Performance Benchmarking

# Run comprehensive performance benchmarks
pframe benchmark

# Benchmark specific operations
pframe benchmark --operations "groupby,filter,sort"

# Test with custom file sizes
pframe benchmark --file-sizes "1000,10000,100000"

# Save benchmark results
pframe benchmark --output results.json --quiet

YAML Workflows

# Create an example workflow
pframe workflow --create-example my_pipeline.yml

# List available workflow step types
pframe workflow --list-steps

# Execute a workflow
pframe workflow my_pipeline.yml

# Execute with custom variables
pframe workflow my_pipeline.yml --variables "input_dir=data,min_age=21"

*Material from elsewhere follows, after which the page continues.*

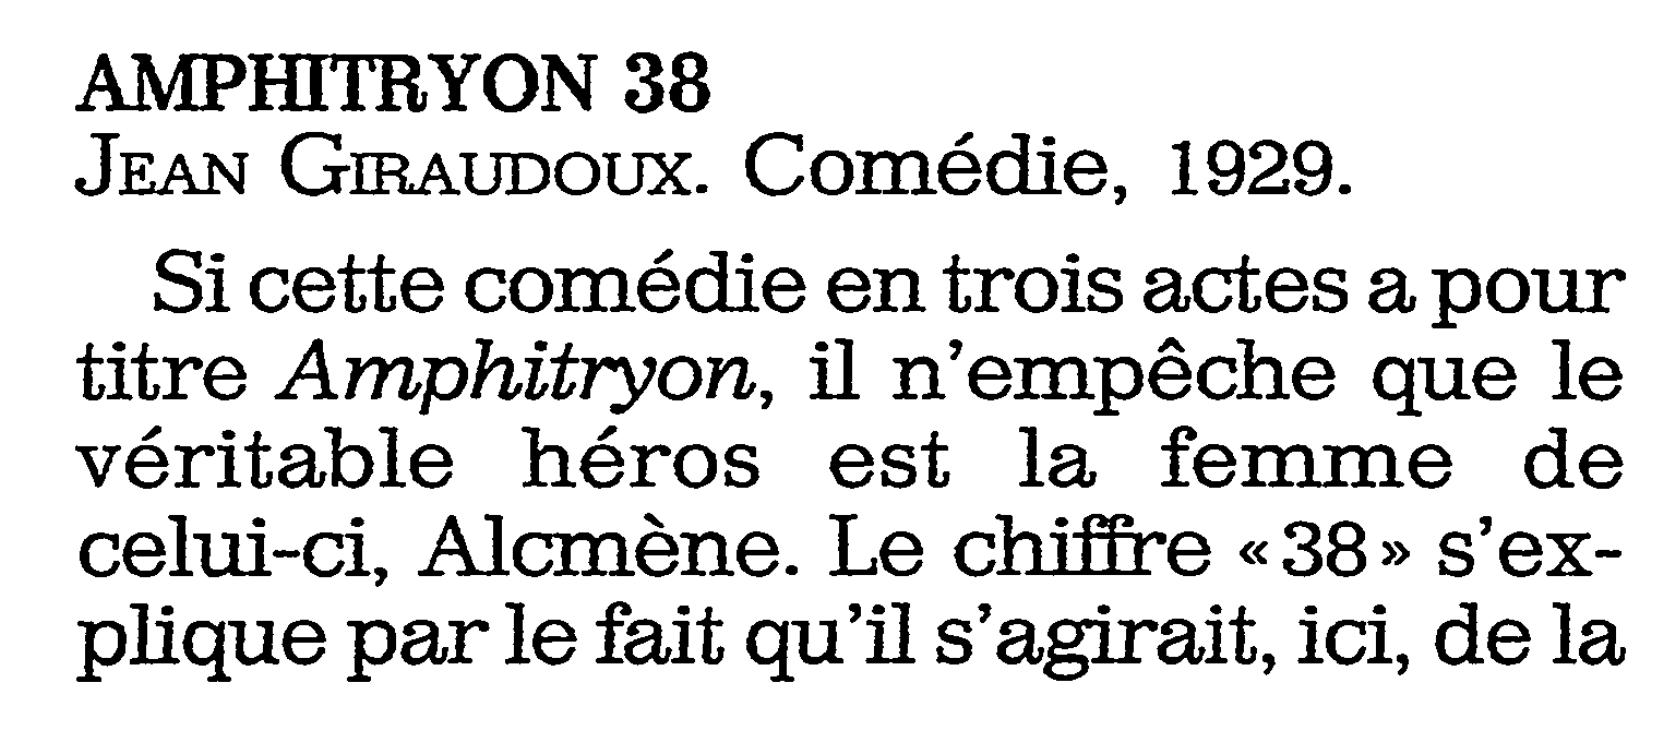 Prévisualisation du document AMPHITRYON 38 de JEAN Giraudoux. Comédie, 1929

# Validate workflow without executing
pframe workflow --validate my_pipeline.yml

Key Benefits

Intelligent Performance: Memory-aware backend selection considering file size, system resources, and file characteristics
Built-in Benchmarking: Comprehensive performance analysis tools to optimize your data processing workflows
Simplicity: One consistent API regardless of backend
Flexibility: Override automatic decisions when needed
Compatibility: Drop-in replacement for pandas.read_parquet()
CLI Power: Full command-line interface for data exploration, batch processing, and performance benchmarking
Reproducibility: Automatic Python script generation from CLI sessions
Zero-Configuration Optimization: Automatic performance improvements with intelligent defaults

Requirements

Python 3.9+
pandas >= 2.0.0
dask[dataframe] >= 2023.1.0
pyarrow >= 10.0.0

Optional Dependencies

CLI Features ([cli])

click >= 8.0 (for CLI interface)
rich >= 13.0 (for enhanced terminal output)
psutil >= 5.8.0 (for performance monitoring and memory-aware backend selection)
pyyaml >= 6.0 (for YAML workflow support)

SQL Features ([sql])

duckdb >= 0.9.0 (for SQL query functionality)

Genomics Features ([bio])

bioframe >= 0.4.0 (for genomic interval operations)

AI Features ([ai])

ollama >= 0.1.0 (for natural language to SQL conversion)
prompt-toolkit >= 3.0.0 (for enhanced interactive CLI)

Development Status

✅ Production Ready (v0.3.0): Multi-format support with comprehensive testing across CSV, JSON, Parquet, and ORC formats 🧪 Robust Testing: Complete test suite for AI, CLI, SQL, bioframe, and workflow functionality 🔄 Active Development: Regular updates with cutting-edge AI and performance optimization features 🏆 Quality Excellence: 9.2/10 assessment score with professional CI/CD pipeline 🤖 AI-Powered: First DataFrame library with local LLM integration for natural language queries ⚡ Performance Leader: Consistent speed improvements over direct pandas usage 📦 Feature Complete: 83% of advanced features fully implemented (29 of 35)

CLI Reference

Commands

pframe info <file> - Display file information and schema
pframe run <file> [options] - Process data with various options
pframe interactive [file] - Start interactive Python session with optional AI support
pframe query <question> [options] - Ask natural language questions about your data
pframe sql <query> [options] - Execute SQL queries on parquet files
pframe deps - Check and display dependency status
pframe benchmark [options] - Run performance benchmarks and analysis
pframe workflow [file] [options] - Execute or manage YAML workflow files

Options for `pframe run`

--query, -q - Filter data (e.g., "age > 30")
--columns, -c - Select columns (e.g., "name,age,city")
--head, -h N - Show first N rows
--tail, -t N - Show last N rows
--sample, -s N - Show N random rows
--describe - Statistical description
--info - Data types and info
--output, -o - Save to file
--save-script, -S - Generate Python script
--threshold - Size threshold for backend selection (MB)
--force-pandas - Force pandas backend
--force-dask - Force Dask backend

Options for `pframe query`

--file, -f - Parquet file to query
--db-uri - Database URI to connect to
--ai - Enable AI-powered natural language processing
--model - LLM model to use (default: llama3.2)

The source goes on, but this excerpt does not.